Антон никак не мог собраться с мыслями и окончательно определить место Ферту и иже с ним. Несмотря ни на что, он дал свое согласие и с завтрашнего дня намеревался приступить к работе в «УЖАСе». Ему положили сто пятьдесят долларов в месяц – от них не смог бы отказаться ни один человек, оказавшийся в безвыходной ситуации. Поэтому Антон, скрепя сердце, не стал возражать против странных идей Ферта насчет мертвых и их роли в жизни общества. Явным криминалом не пахло, да и не смотрят в зубы дареному коню. В том, что «УЖАС» – подарок судьбы, Белогорский уже не сомневался.

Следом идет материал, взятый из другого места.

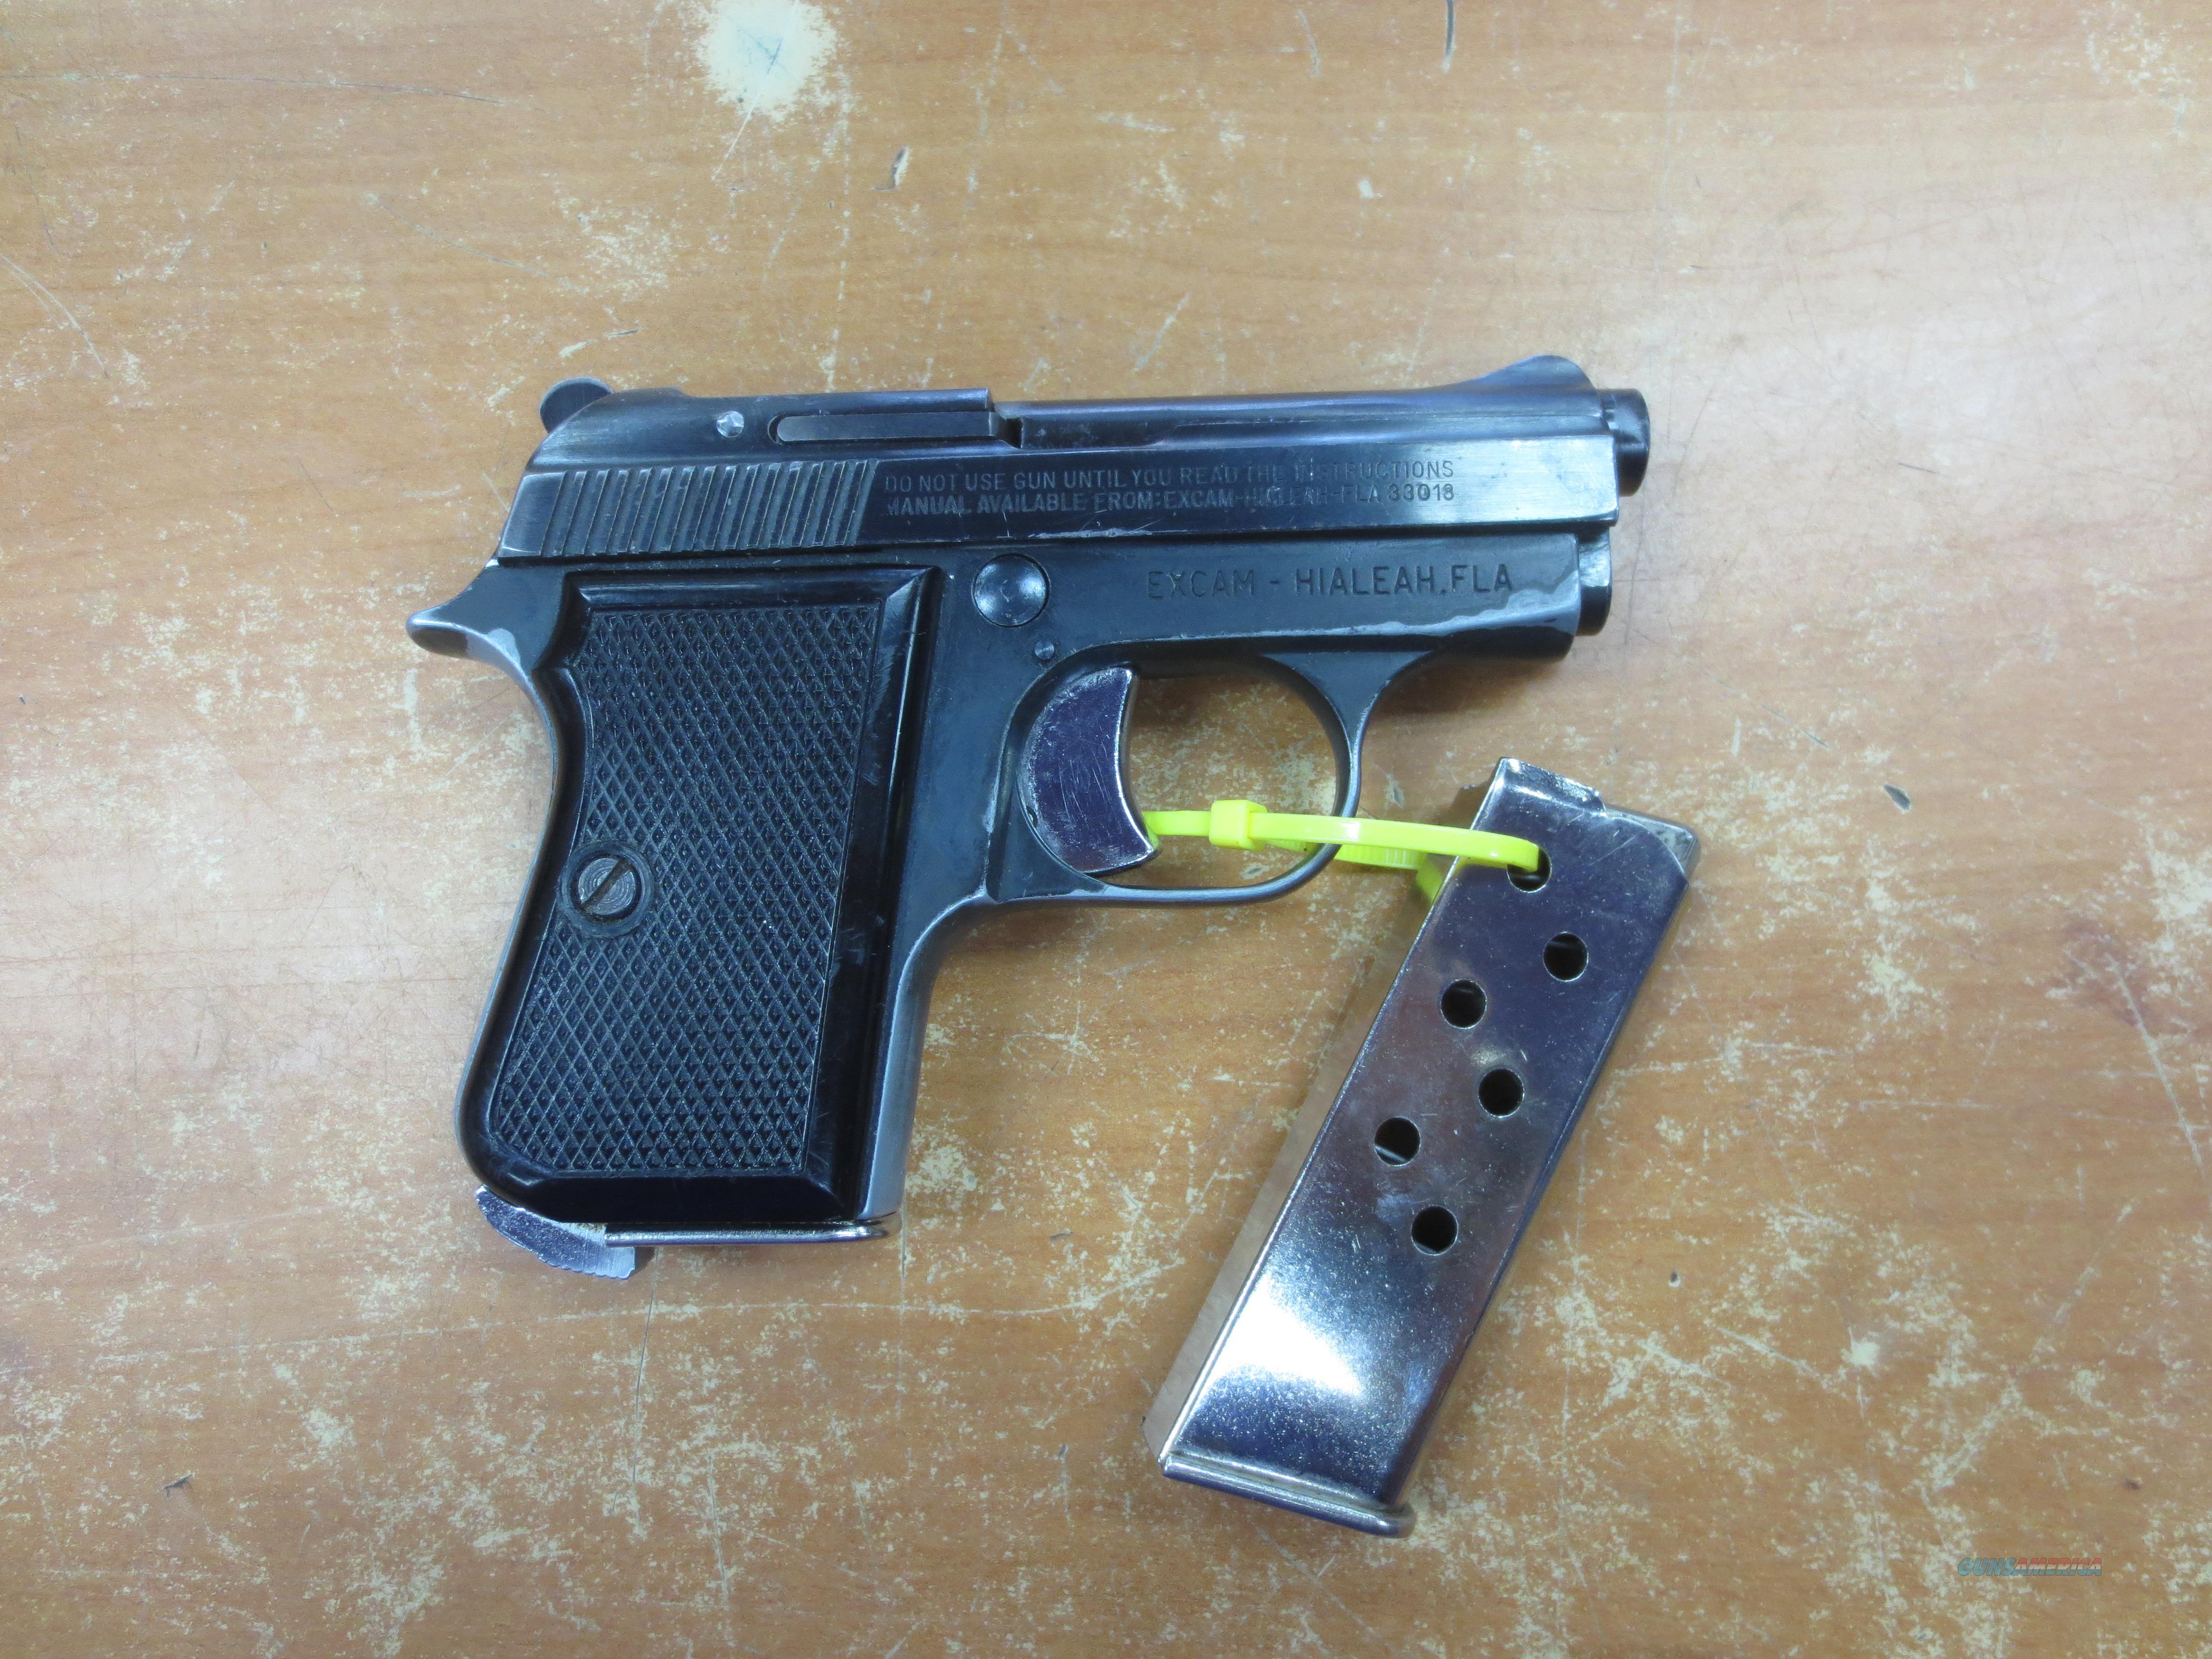 Armi Tanfoglio Giuseppe model GT27 Pocket Pistol .25 cal  Guns > Pistols > A Misc Pistols

Когда инструктор нарисовал Антону образ врага, соискатель попросил подробностей. Ферт многословно и талантливо расписал ему все беды, что происходят от мертвецов. Он упомянул беды экономические, напомнив, скольких средств требуют от общества поминки, похороны, кладбищенское хозяйство, церковные обряды и пособия вдовам и сиротам – не говоря уже о страшном уроне, который наносит экономике сам уход из жизни какого-либо члена общества. Рассказал и о последствиях психологических – хронических стрессах, тяжелых заболеваниях с потерей трудоспособности, попытках самоубийства – что тоже, вне всякого сомнения, отрицательно сказывается на благосостоянии народа. Опять же – если учесть, что истинно верующих крайне мало и вклад их в общее сознание невелик – сама по себе постоянная озабоченность по поводу своей неизбежной, необратимой в будущем смерти весьма отрицательно сказывается на людях. Очень много говорил об эстетической стороне дела, всячески живописуя отвратительные проявления смерти, не забыл про трупный яд и болезнетворные бактерии. «Да и вообще, – добавил Ферт, доверительно подаваясь к Антону, – есть ли у нас выбор? Быть может, вы хотели бы ненавидеть негров или жидов?